Dilansir The Guardian, Rabu (3/5/2017), istri Bill Clinton menyalahkan sejumlah pihak, mulai dari Donald Trump, Direktur federal Bureau of Investigation (FBI), James Comey, dan otoritas Rusia menjadi penyebab kekalahannya di pilpres AS 2016. Kendati demikian, ia juga mengaku salah karena tidak bisa mengatasi hal tersebut.

“Saya bertanggung jawab sepenuhnya atas kekalahan itu. Saya adalah kandidat yang menjadi lakon dalam pemilihan tersebut. Saya sangat sadar akan masalah, tantangan, dan kekurangan yang ada,” tutur Hillary.

Saat itu, Hillary merasa sangat dekat dengan kemenangan. Namun, tiba-tiba semua impiannya pupus ketika FBI membuka kembali investigasi soal surat elektronik pribadi saat ia menjabat sebagai menteri luar negeri. Ia juga menyayangkan intervensi Rusia lewat peretas yang memengaruhi hasil pemilihan presiden.

Advertisement

“Saat itu, saya sangat dekat dengan kemenangan, hingga pada tanggal 28 Oktober 2016, investigasi soal surat elektroik dan bocoran Wikileaks tentang Rusia memunculkan keraguan yang membuat masyarakat takut memilih saya,” sambungnya.

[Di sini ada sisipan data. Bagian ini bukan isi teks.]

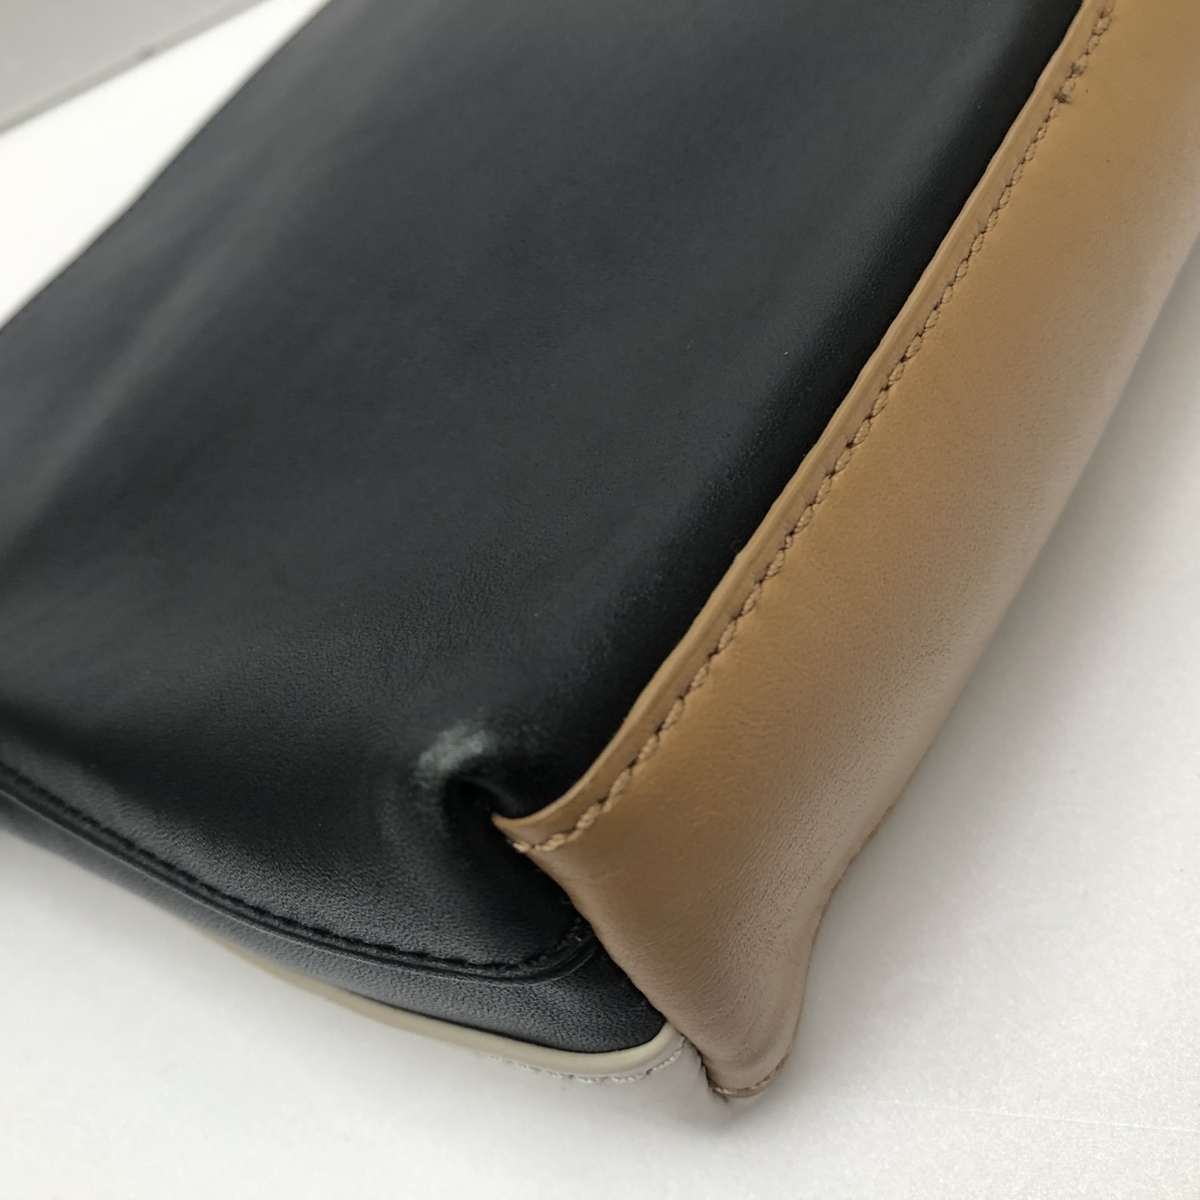 *3.1 Phillip Lim 3.1 Philip rim bai color white × black leather second bag pouch /T09000

Tak hanya itu, Hillary menduga Trump sengaja meminta bantuan dari Rusia untuk menjatuhkan nama baiknya. Hal itu didasari oleh laporan Komunitas Intelejen AS yang menyebutkan bahwa Rusia diduga kuat terlibat pada pilpres. Menurut hasil investigasi, mereka menduga Rusia mencampuri pilpres demi memenangkan Trump.

Sementara itu, Donald Trump dinyatakan memang berdasar hasil penghitungan suara konvensional alias pemilihan melalui dewan perwakilan rakyat dan senat. Sedangkan Hillary memenangi popular vote (penghitungan suara nasional) dengan selisih tiga juta suara.

Advertisement

“Bagaimana pun hasilnya, ingatlah saya memenangkan lebih dari tiga juta suara dibanding lawan saya,” tandas Hillary.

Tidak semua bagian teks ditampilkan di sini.